William Klein’s explosive New York street photography made him one of the most heralded artists of the sixties. As an American expatriate in Paris, Klein also made bold, challenging cinema in a filmmaking career that spanned more than forty years. In his three colorful, surreal fiction features—Who Are You, Polly Maggoo?, Mr. Freedom, and The Model Couple—he skewers the fashion industry, American empire, and governmental mind control with hilarious, cutting aplomb, while his essential documentaries Muhammad Ali, the Greatest and Eldridge Cleaver, Black Panther capture two of the most galvanizing personalities of his time with electrifying immediacy. Still largely overlooked in the United States, his films are audacious, iconoclastic antidotes to all forms of social oppression.

FEATURING: Who Are You, Polly Maggoo? (1966), Mr. Freedom (1969), Eldridge Cleaver, Black Panther (1970), Muhammad Ali, the Greatest (1974)*, The Model Couple (1977)

HOLLYWOOD HITS

Cruel Intentions

Diabolical psychosexual machinations corrupt the halls of a rich-kid Manhattan prep school in one of the most daring teen movies of the 1990s.
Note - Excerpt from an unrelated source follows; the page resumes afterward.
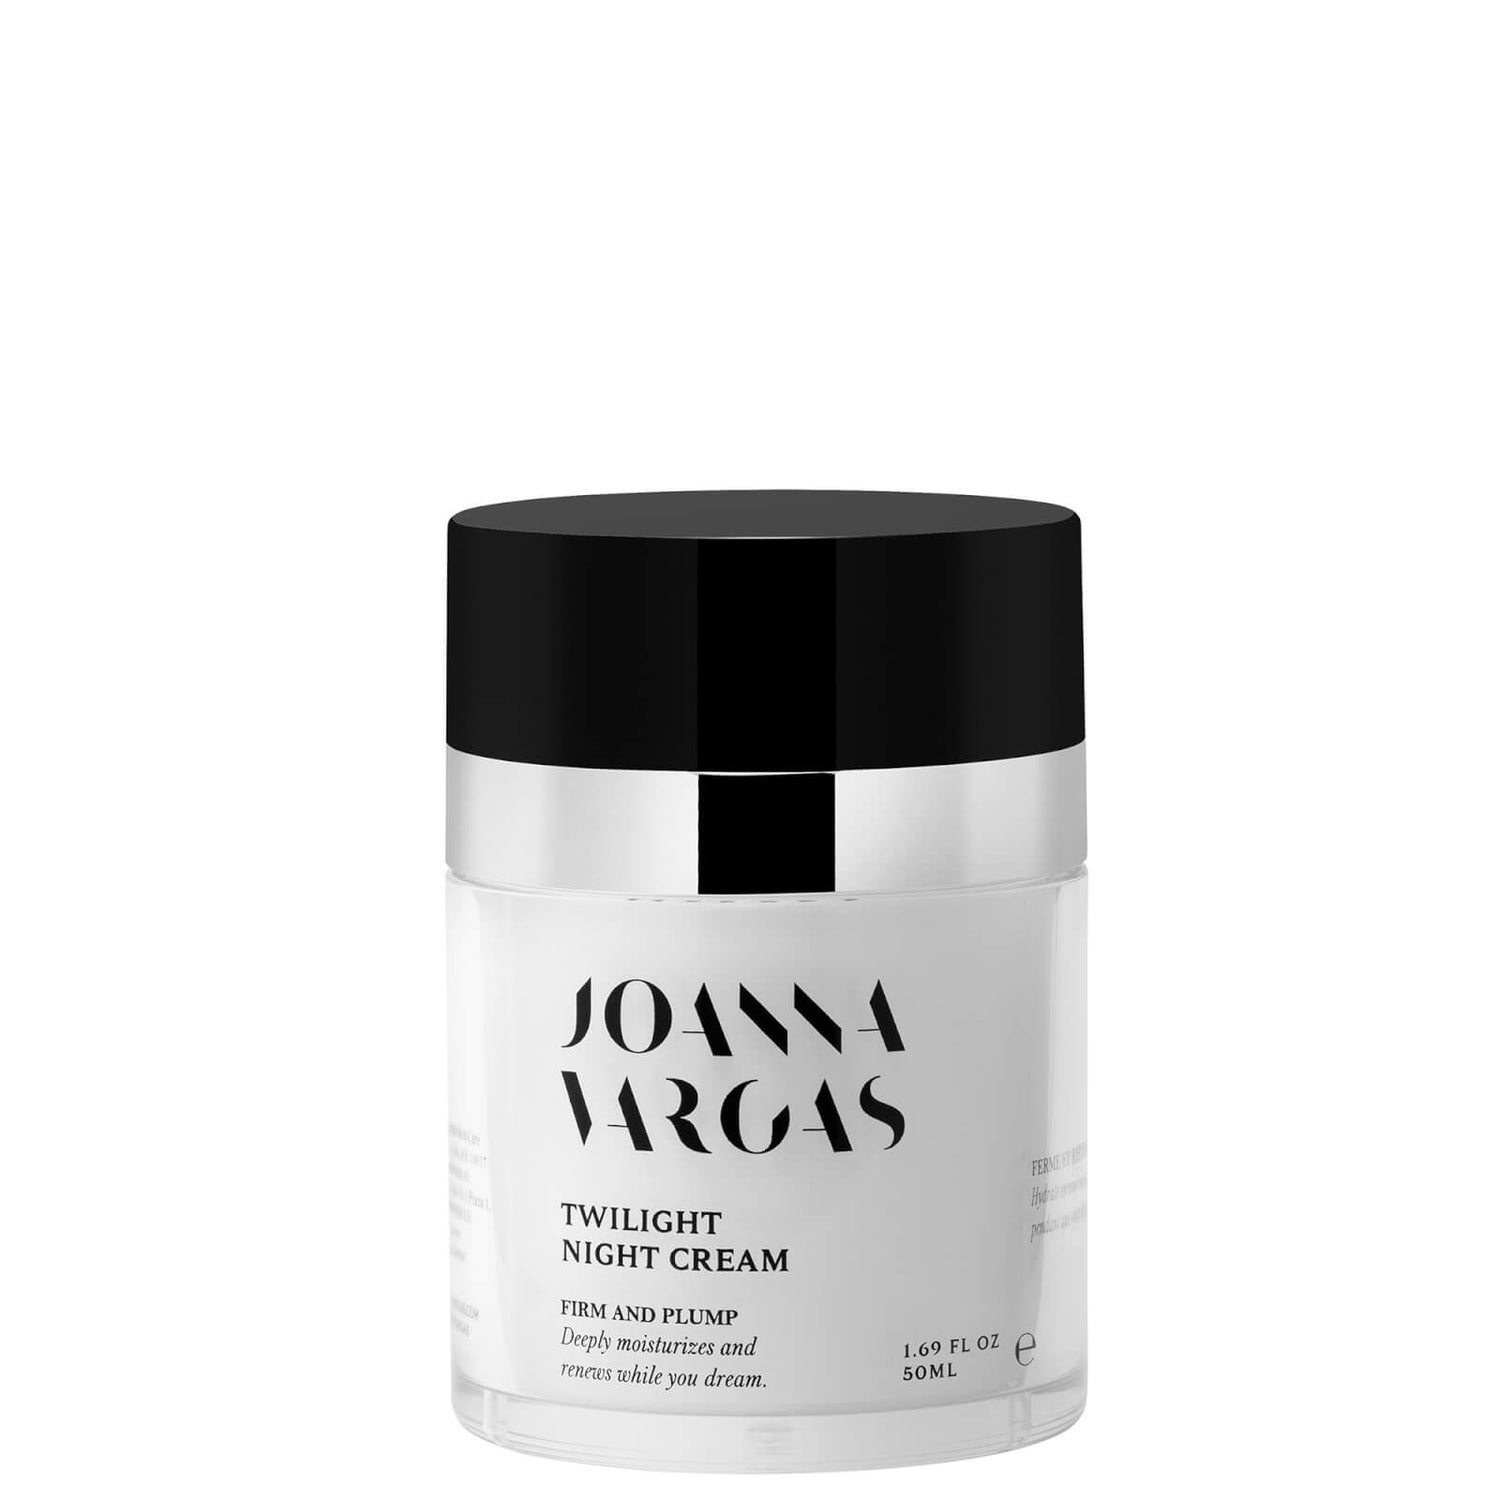 Joanna Vargas Twilight Night Cream 30ml

TWENTY-FIRST-CENTURY CINEMA

El Planeta

A mother and daughter with a taste for the high life grift their way through postrecession Spain in this surreally dry, deadpan take on our image-obsessed hustle culture.

Talking About Trees

A cinematic revolution flowers in Sudan as a quartet of veteran filmmakers attempt to establish an outdoor movie theater free from state censorship.

We’re All Going to the World’s Fair

A hallucinatory coming-of-age nightmare unfolds as an isolated teenager loses herself in the disturbing digital void of an online role-playing game.

ANIME

Gunbuster: The Movie*

Two young women forge a bond while battling alien insects in this exhilarating—and disarmingly poignant—space opera from the creator of Neon Genesis Evangelion.

DOCUMENTARIES

American Dharma

Renowned documentarian Errol Morris faces off with one of the most controversial political figures of our time: right-wing firebrand Steve Bannon.

The Storms of Jeremy Thomas

Join legendary film producer Jeremy Thomas (The Last Emperor) on a road trip through rural France as he looks back on a life lived in the name of boundary-pushing cinema.

SHORT FILMS

Three Short Films by Ja’Tovia Gary

The aesthetically dynamic, shape-shifting films of artist and filmmaker Ja’Tovia Gary combine everything from heavily processed 16 mm archival materials to TikTok videos and woman-on-the-street-style interviews to put Black women and their lived experiences, past and present, in dialogue with one another. Drawing inspiration from Gary’s personal heroes like Toni Morrison and Nina Simone—footage of both of whom she poignantly incorporates into her works—her films are as optically imaginative as they are politically and intellectually rigorous, exploring ideas around care, connectivity, and memory through an intimate, Black feminist lens.

FEATURING: An Ecstatic Experience (2015), The Giverny Document (2019), Quiet as It’s Kept (2023)

perfectly a strangeness

Nominated for a 2026 Academy Award for Best Documentary Short Film

The awe-inspiring majesty of the cosmos is captured through the eyes of three wandering donkeys in this sublimely cinematic, Oscar-nominated documentary short.

Oh Yeah!

Discover the untold story behind the synth-pop anthem that took American culture by storm and became the sound of ’80s excess.

MUSIC FILMS

Lou Reed’s Berlin

The legendary Velvet Underground frontman revisits his concept-album masterpiece in a soul-shaking live performance filmed by Julian Schnabel.